DATA PROVIDED:
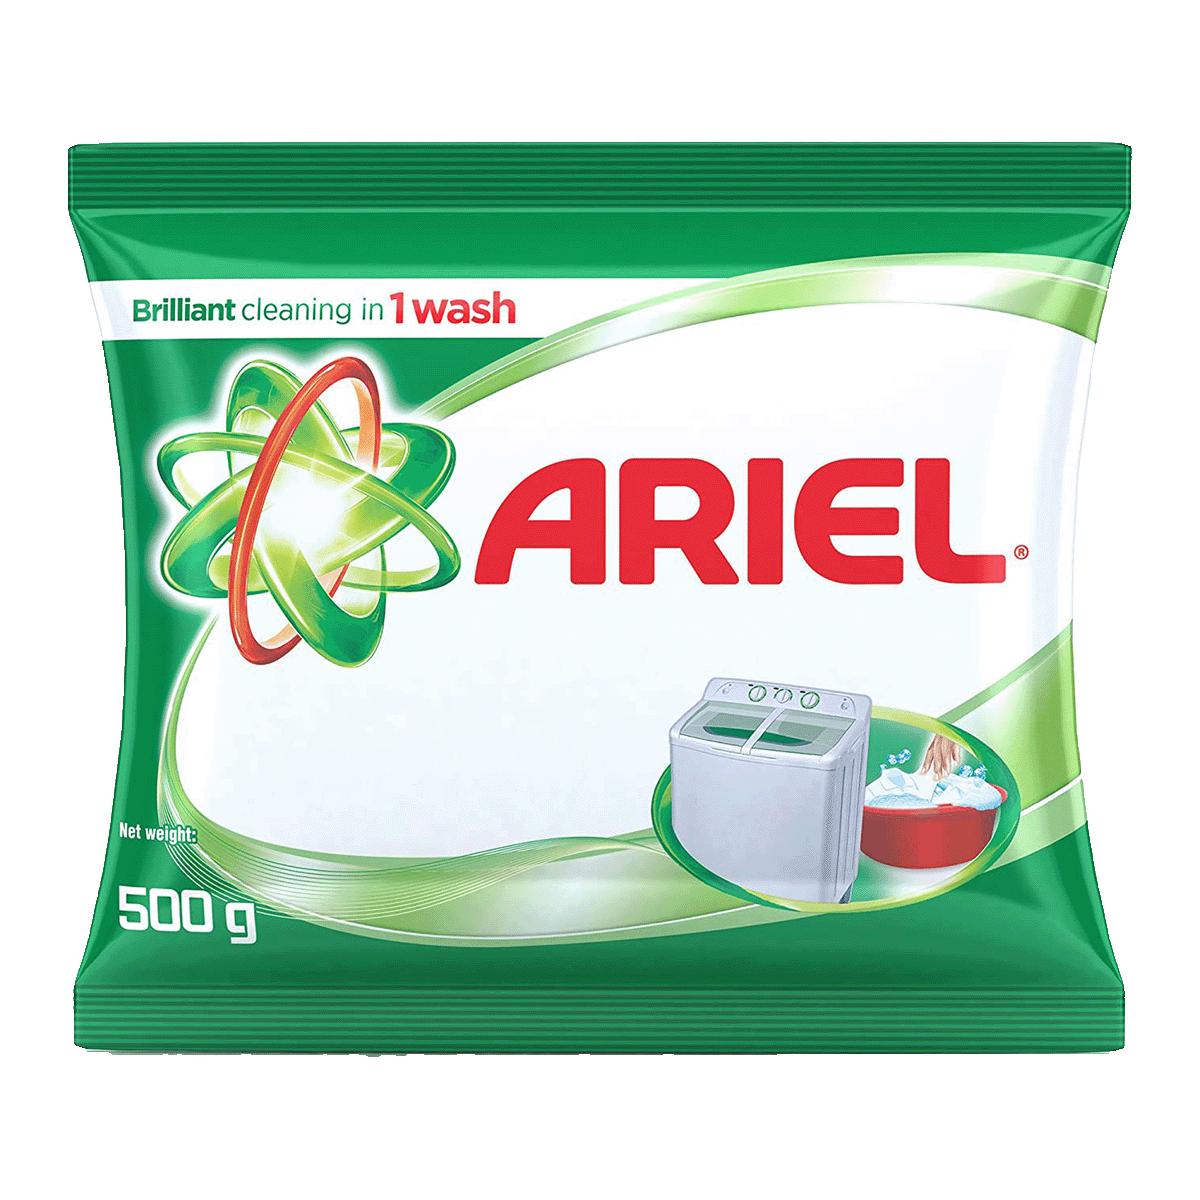 Ariel Matic Top Load 500gm detergent_1
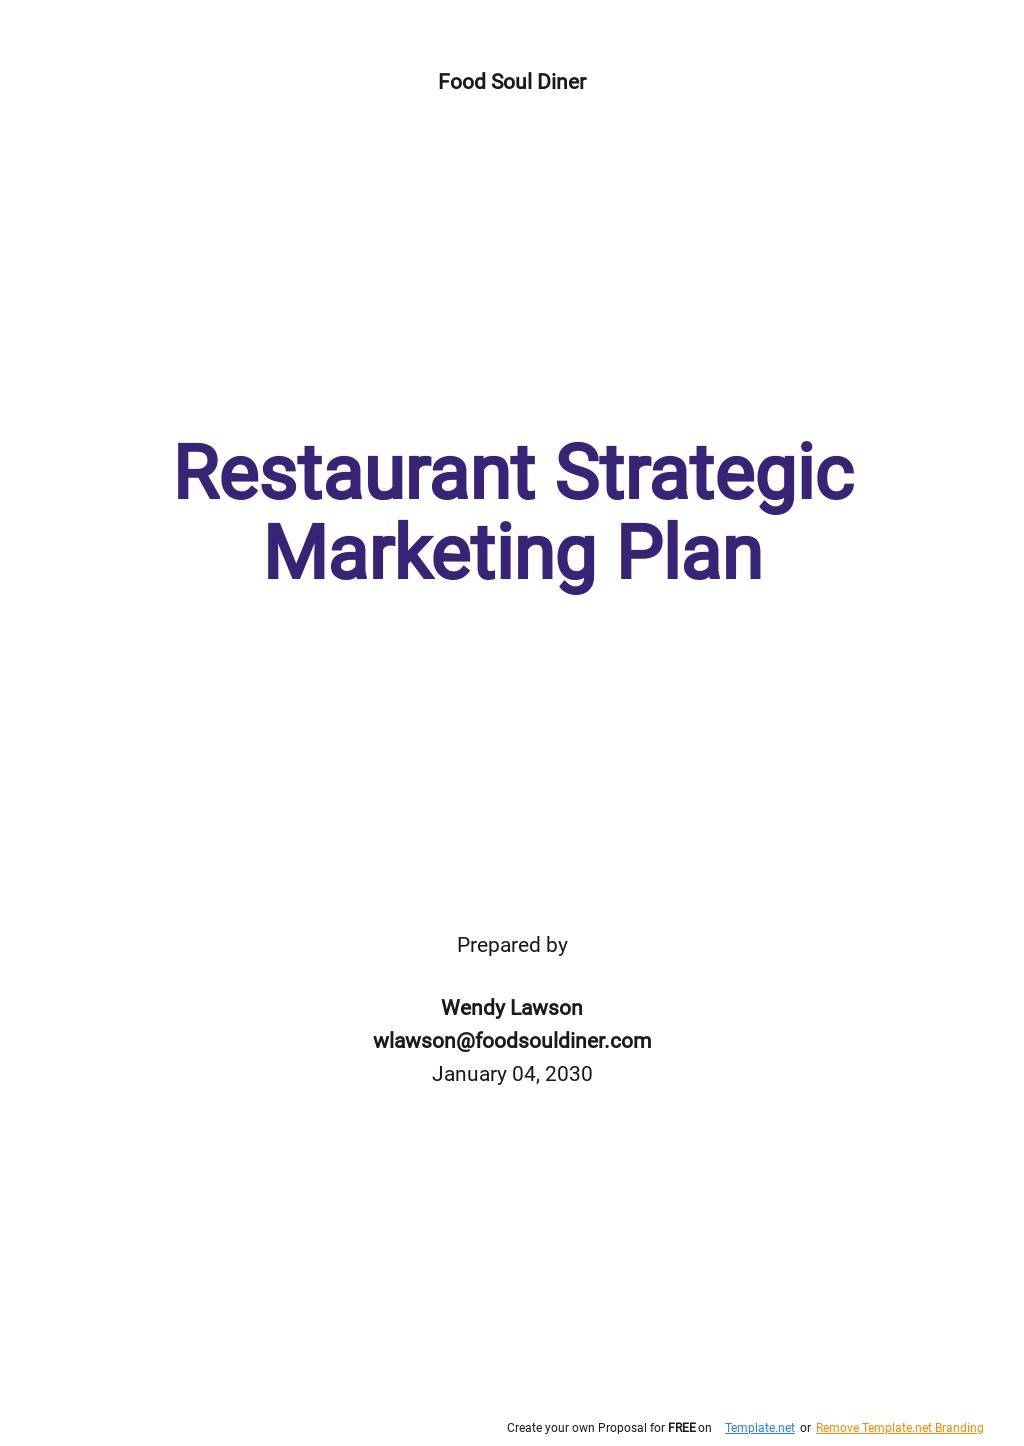 Restaurant Strategic Marketing Plan Template.jpe
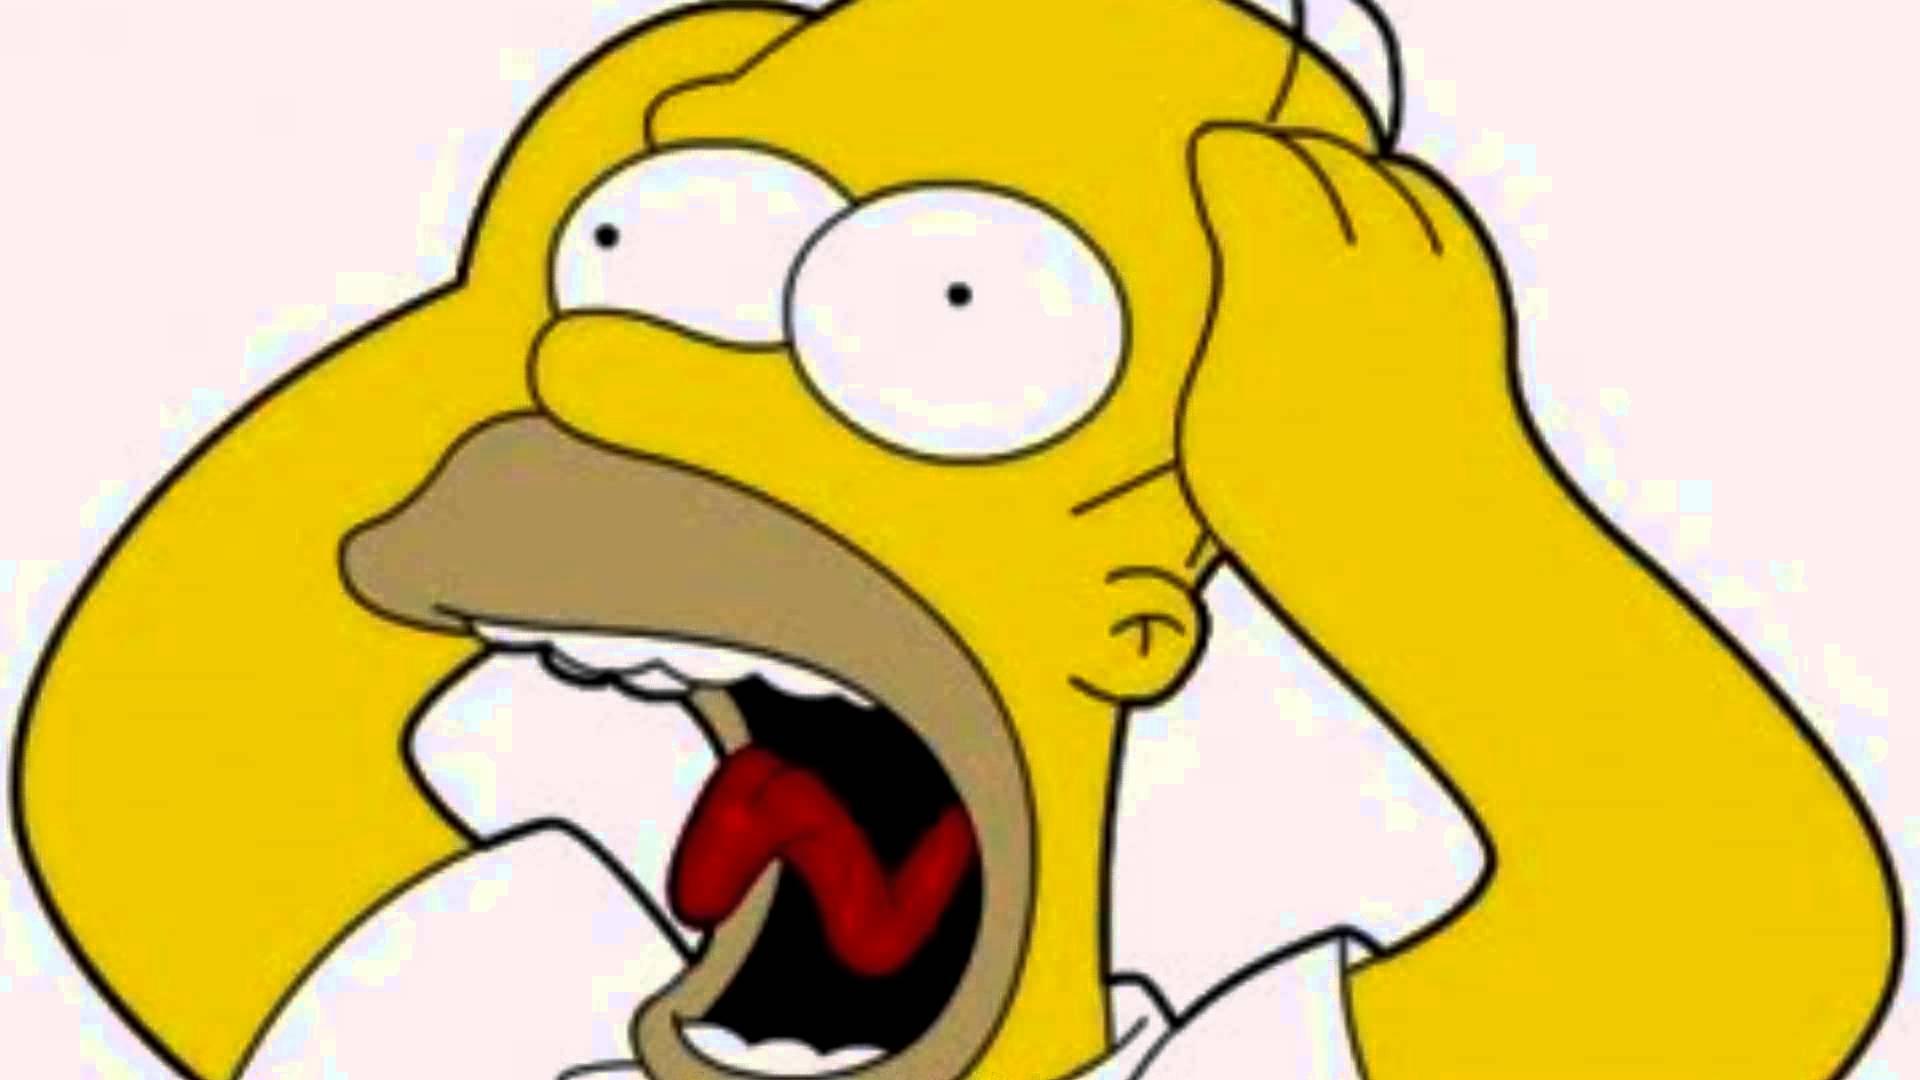 Screaming clipart don t Scream  Homer YouTube

TASK TO CARRY OUT:
Reproduce the data above exactly, leaving each picture out.

RESULT OF THIS TASK:
 Ariel Matic Top Load 500gm detergent_1
 Restaurant Strategic Marketing Plan Template.jpe
 Screaming clipart don t Scream  Homer YouTube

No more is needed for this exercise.